Activity: Excluding any images, copy all of the lines below precisely as written.

Supplied information:

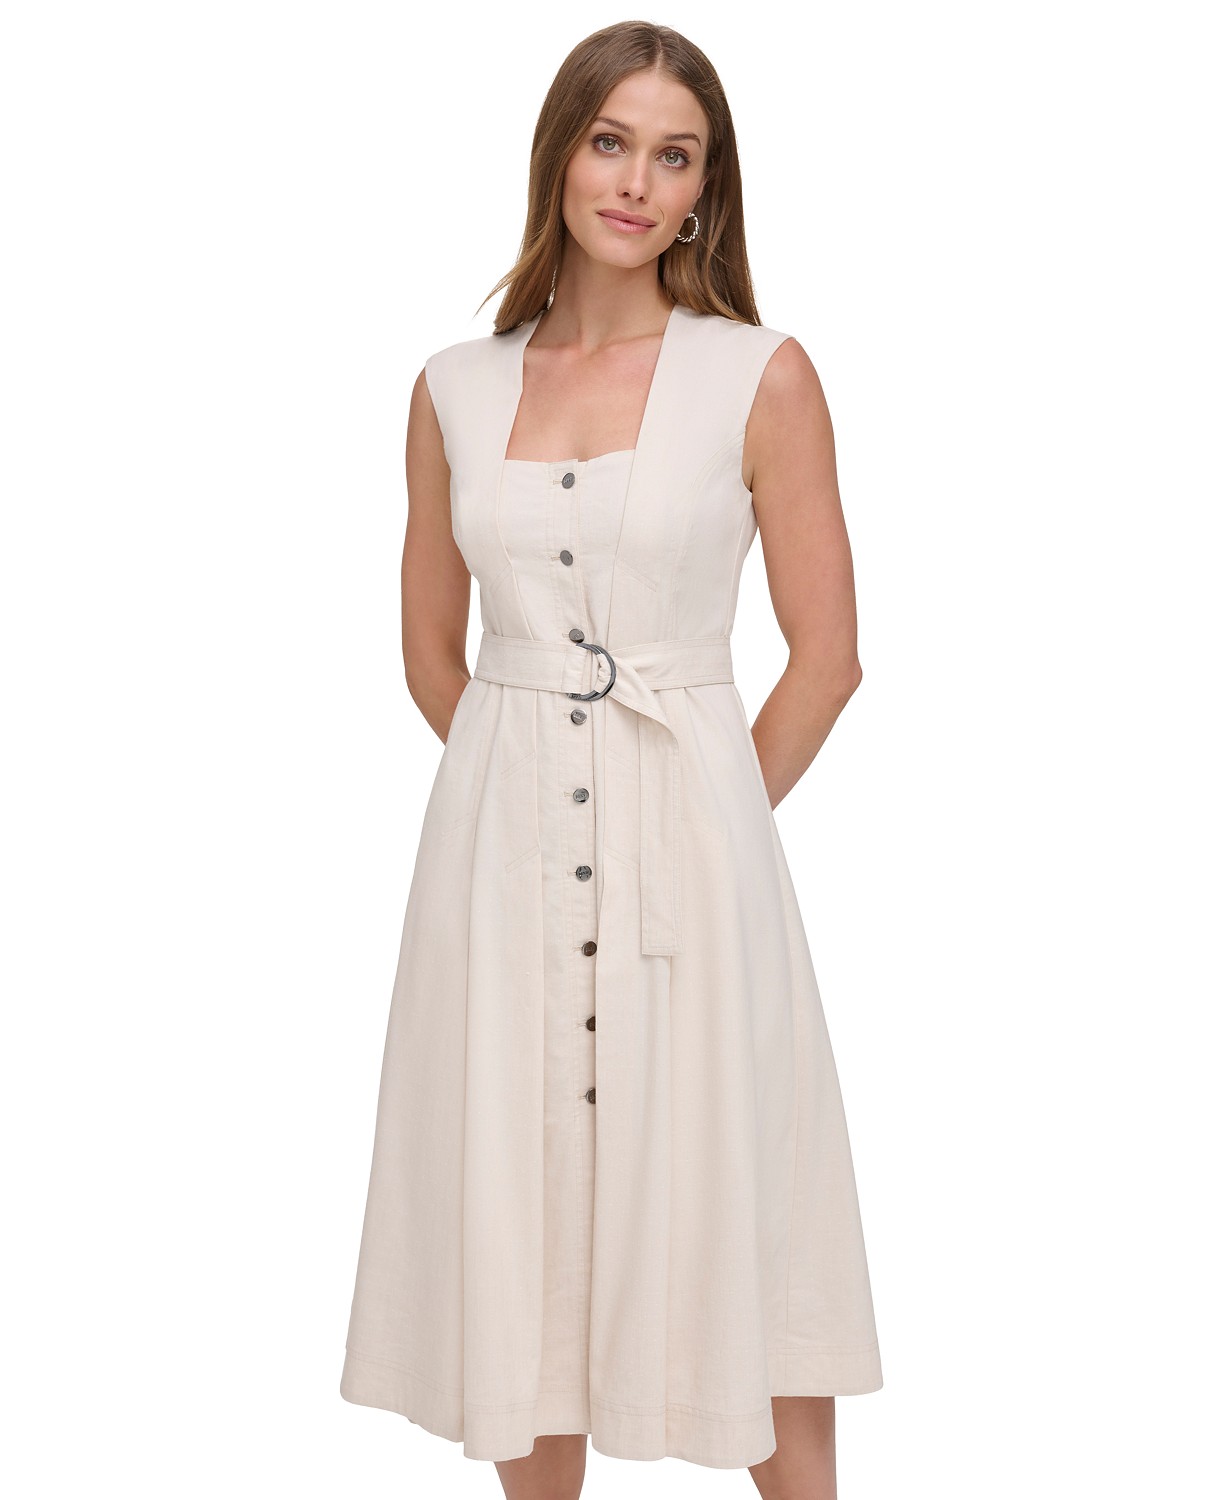 DKNY Womens Belted Button-Front Midi Dress
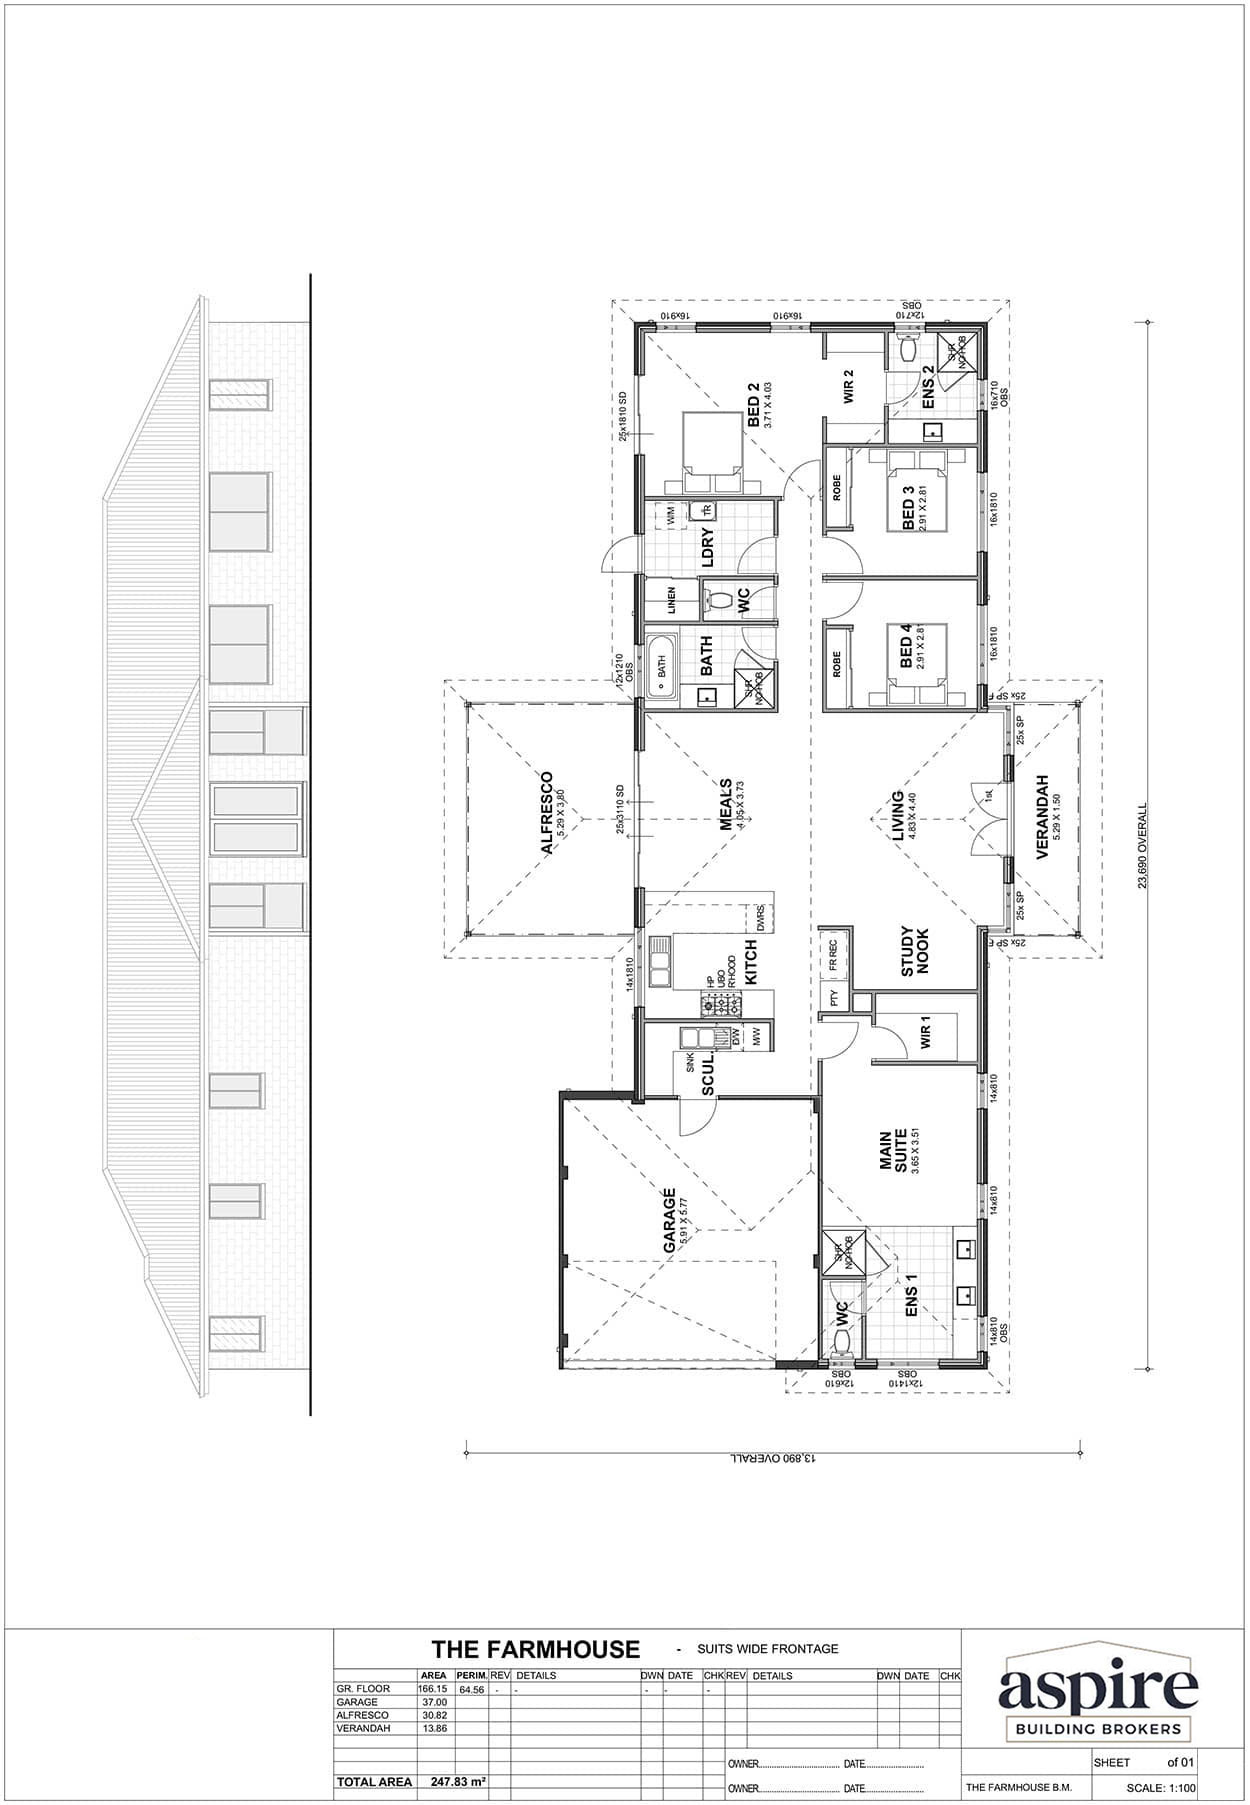 The Farmhouse Floor Plan - Perth New Build Home Designs. 4 Bedrooms, suited for Wide Frontage. Aspire Building Brokers
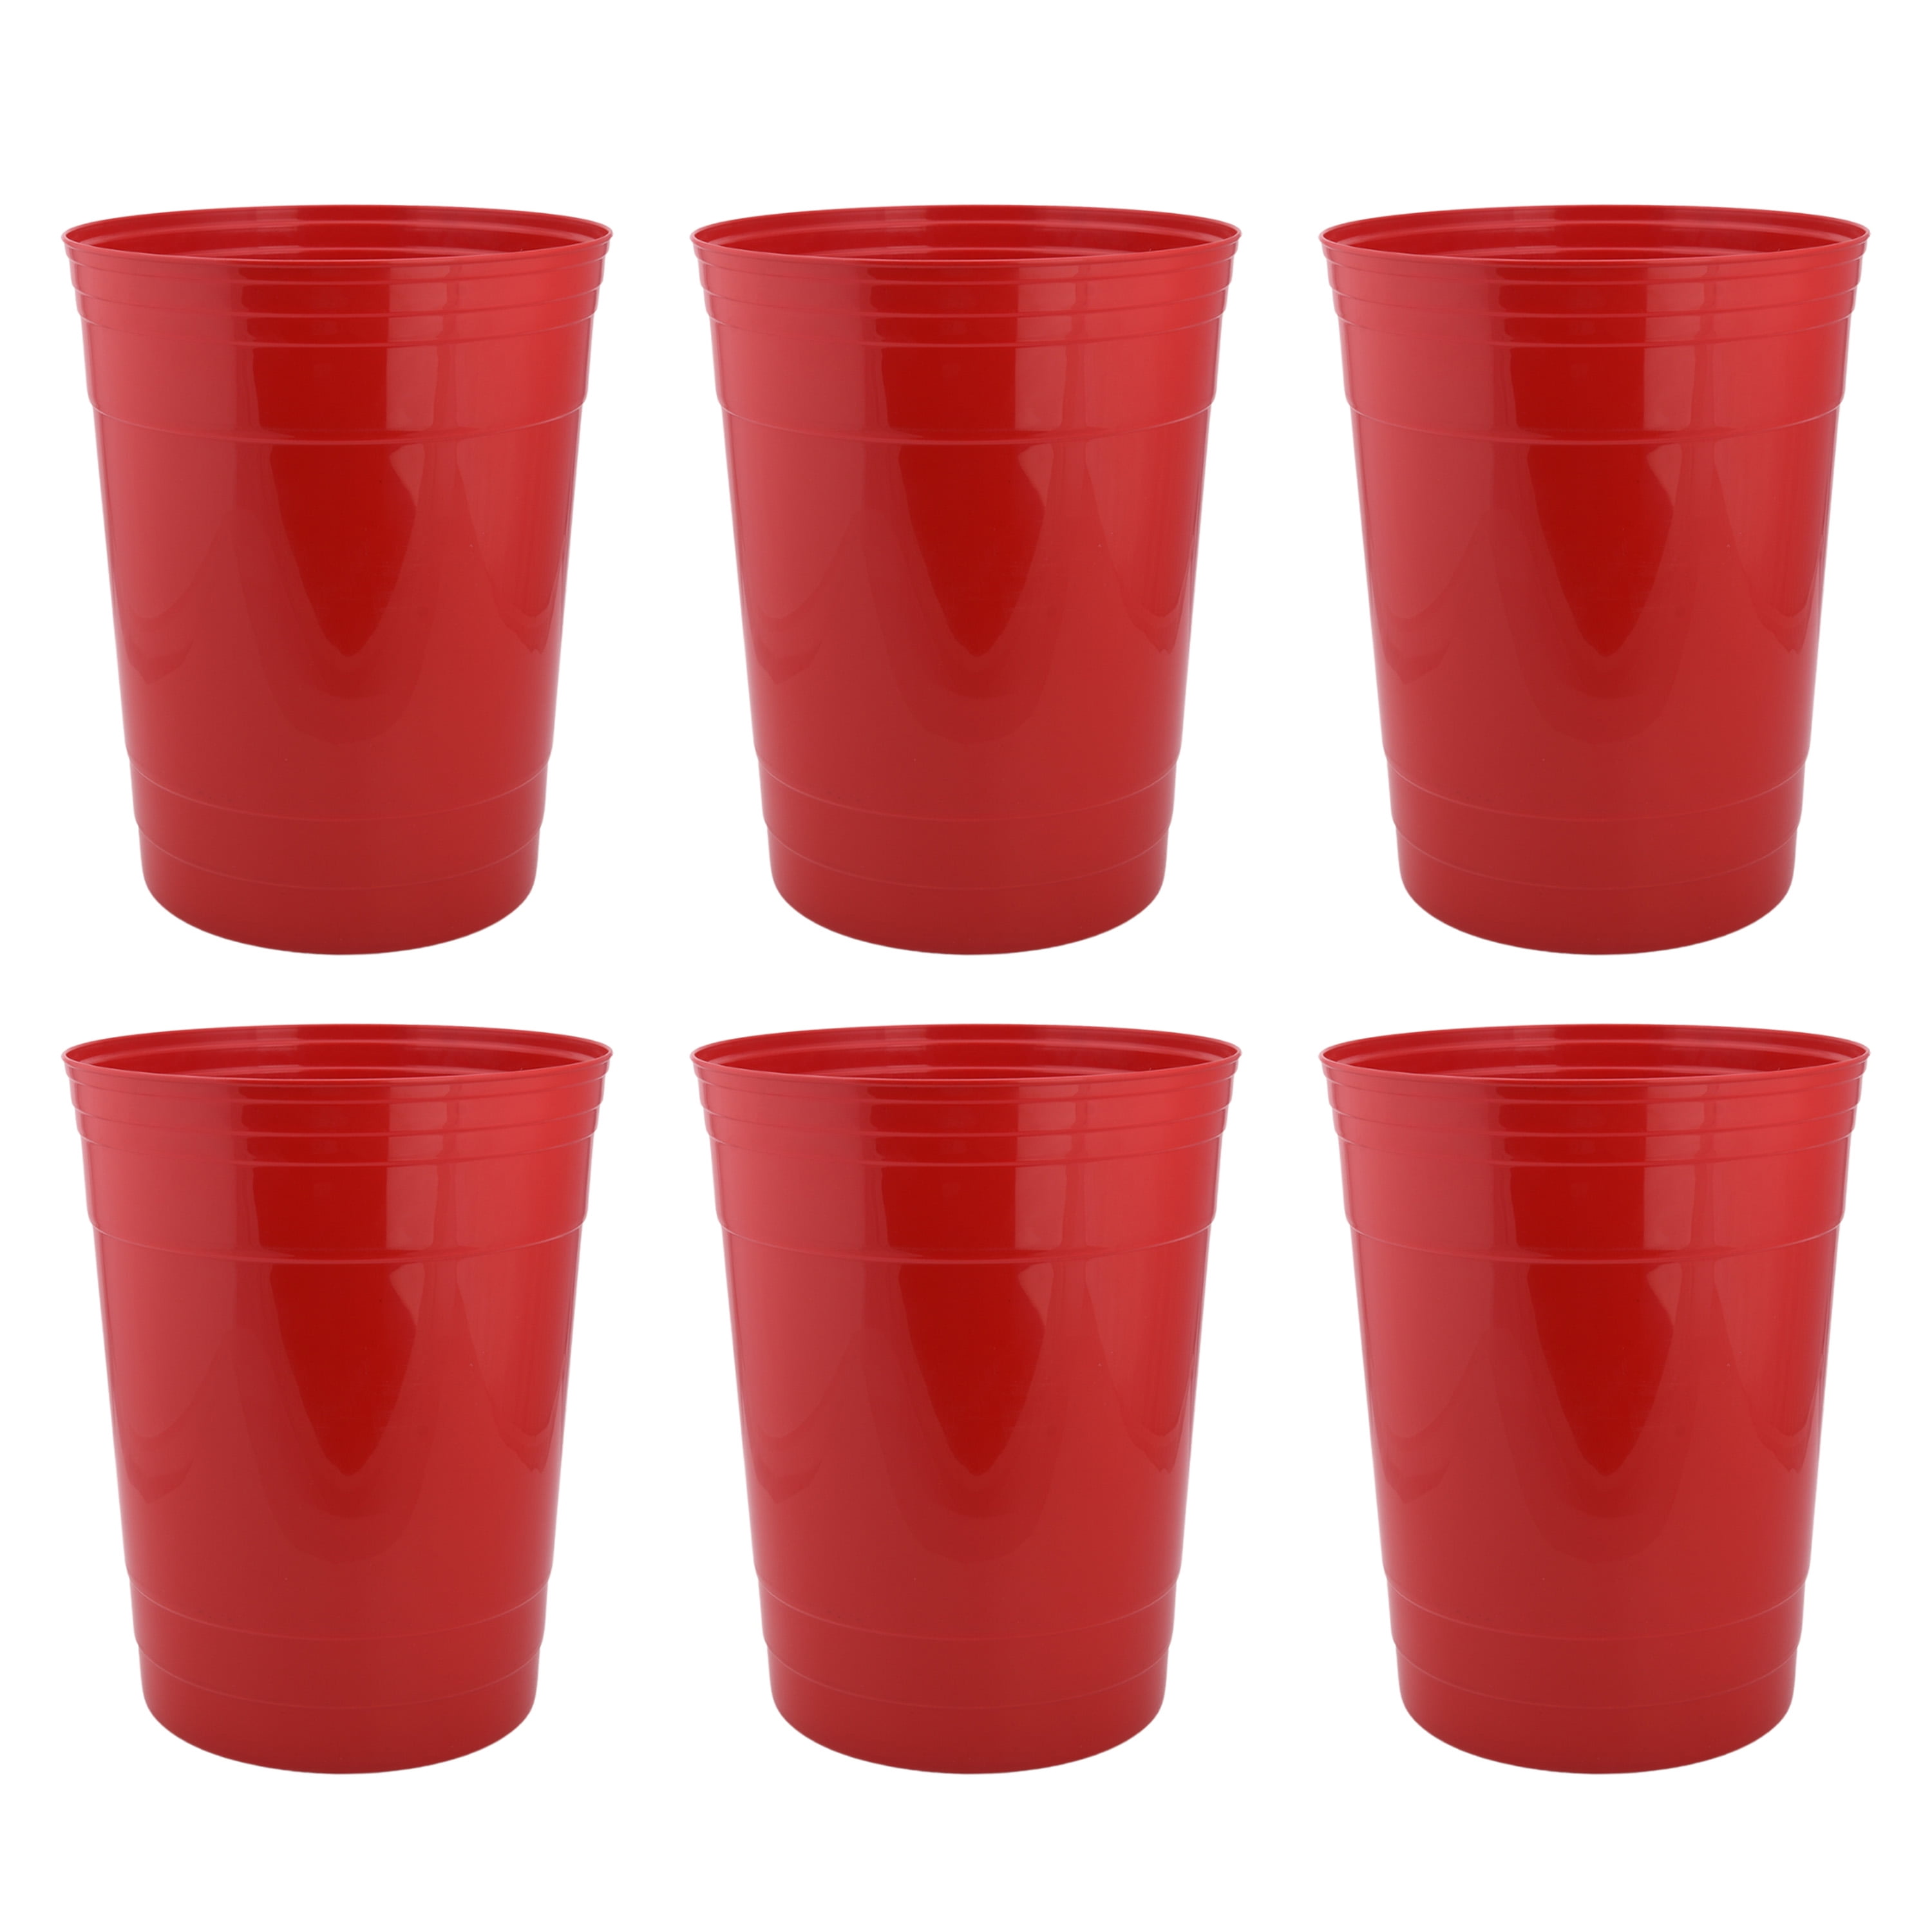 6-Count Red Cup 3-Gallon Plastic Trash Can $4.56 ($0.76 Each) + Free Shipping w/ Walmart+ or $35+

Written answer:
 DKNY Womens Belted Button-Front Midi Dress
 The Farmhouse Floor Plan - Perth New Build Home Designs. 4 Bedrooms, suited for Wide Frontage. Aspire Building Brokers
 6-Count Red Cup 3-Gallon Plastic Trash Can $4.56 ($0.76 Each) + Free Shipping w/ Walmart+ or $35+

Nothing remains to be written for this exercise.